◆ Task objective: The whole listing should come back exactly as written, except for the pictures.

◆ Source material:
━━━━━━━━
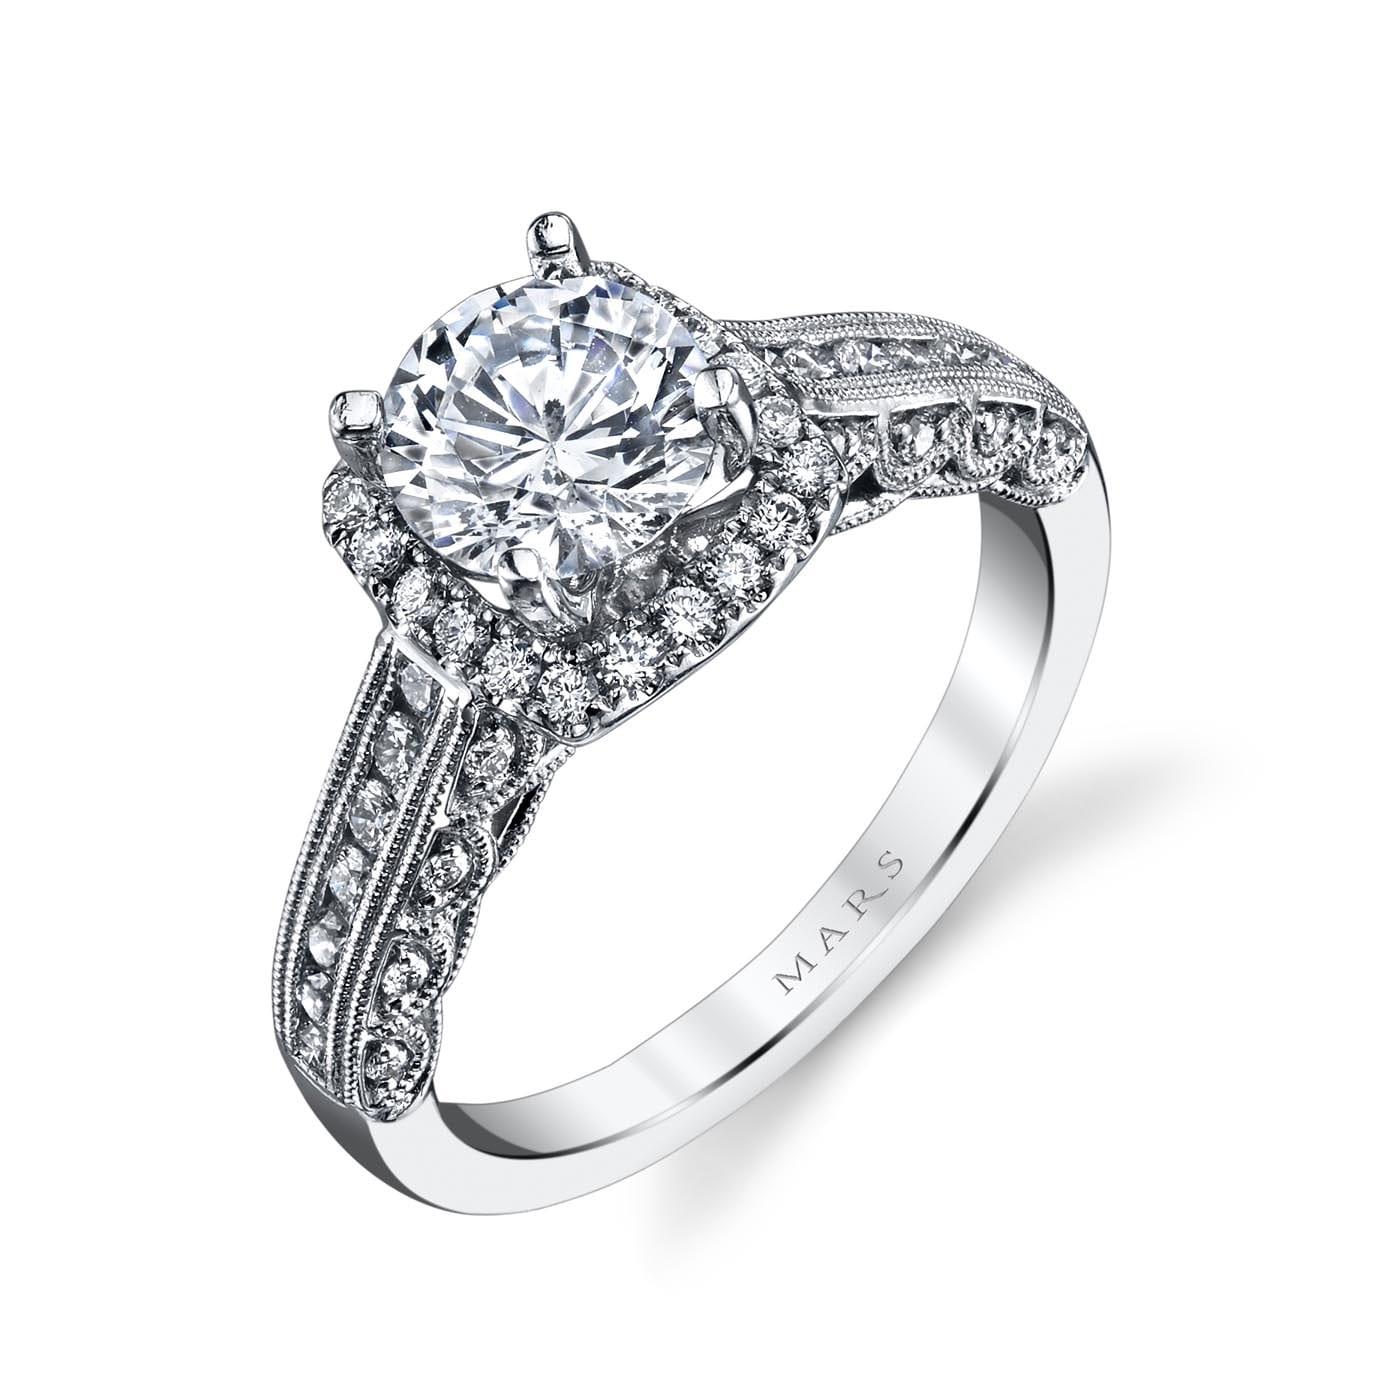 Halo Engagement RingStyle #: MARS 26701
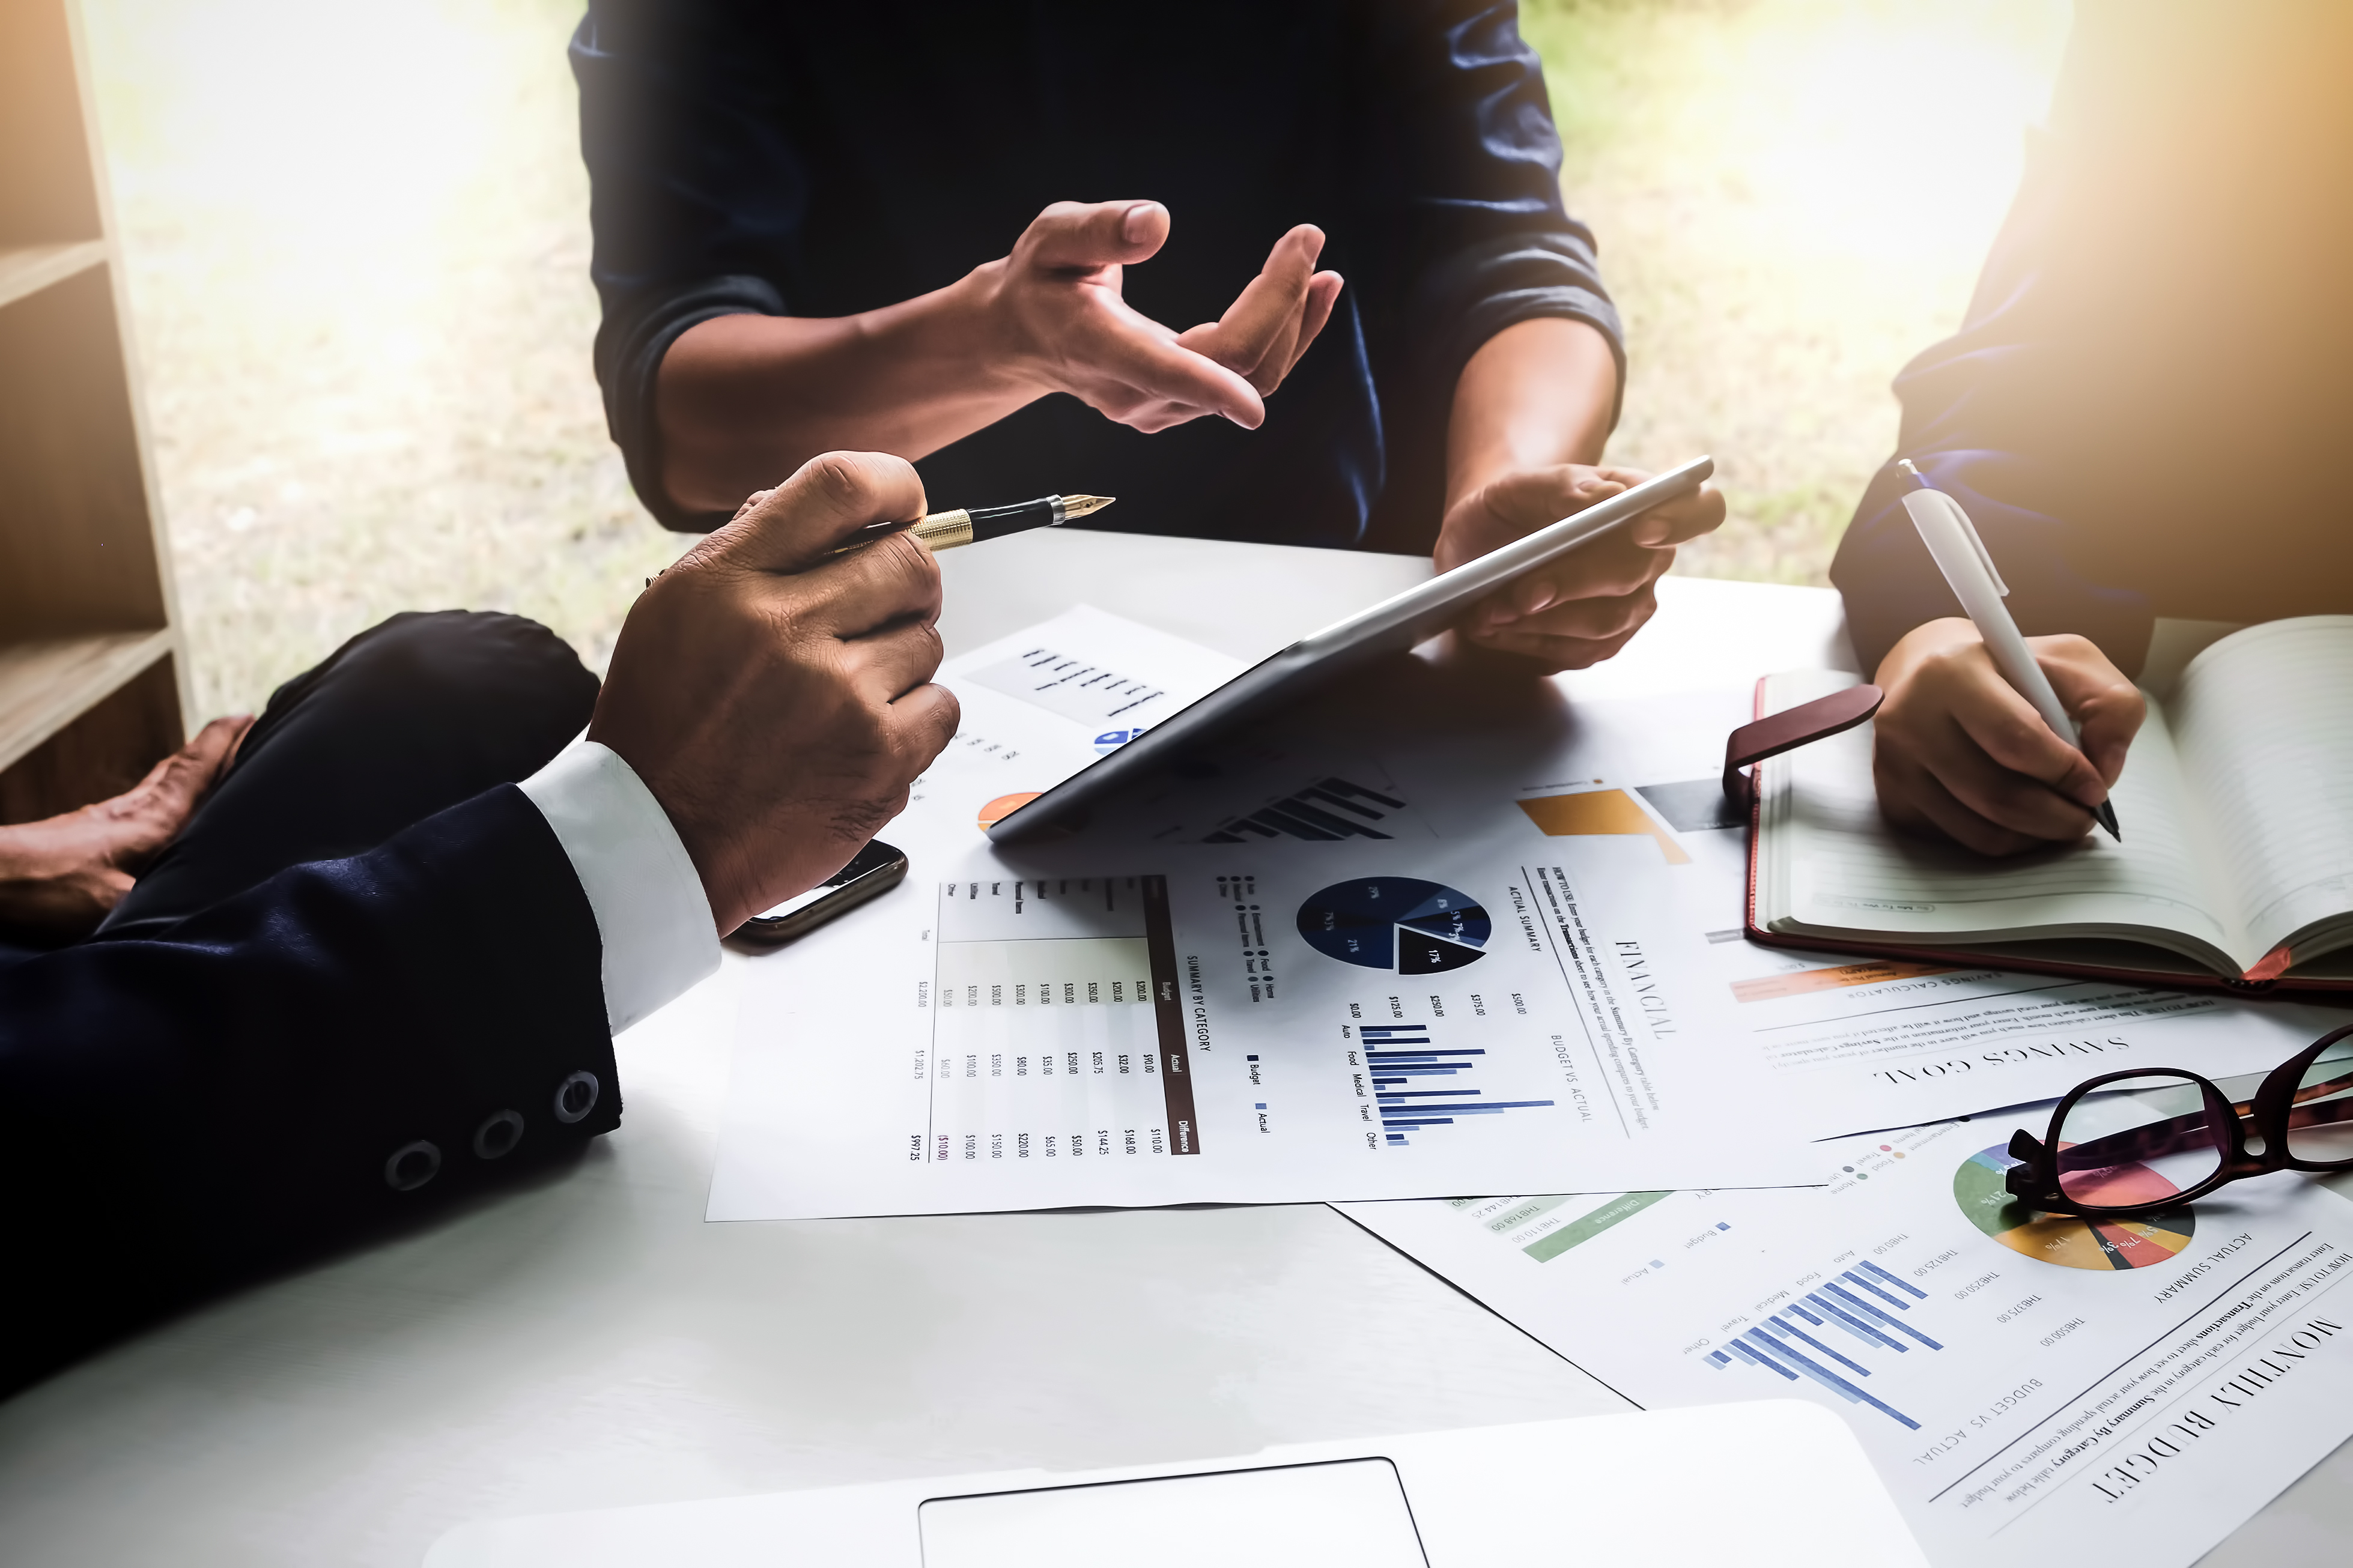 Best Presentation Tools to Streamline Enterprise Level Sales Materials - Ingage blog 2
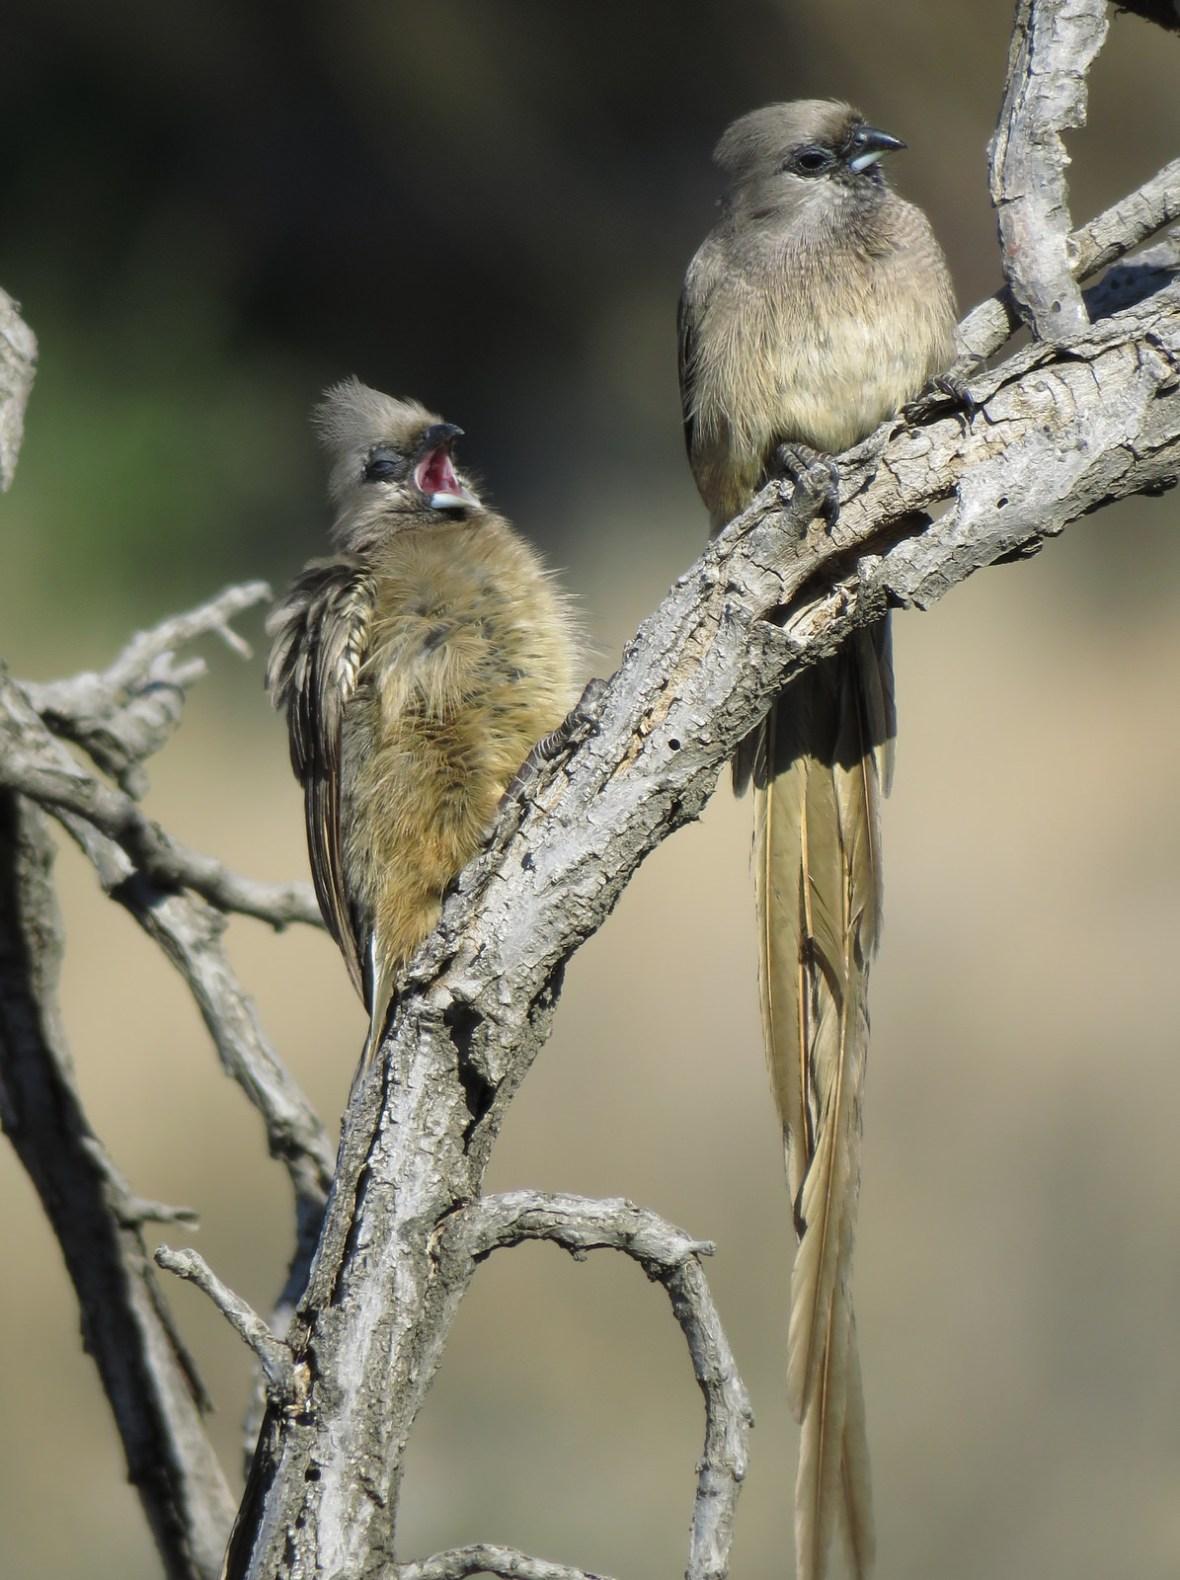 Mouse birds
━━━━━━━━
◆ Answer box:
 Halo Engagement RingStyle #: MARS 26701
 Best Presentation Tools to Streamline Enterprise Level Sales Materials - Ingage blog 2
 Mouse birds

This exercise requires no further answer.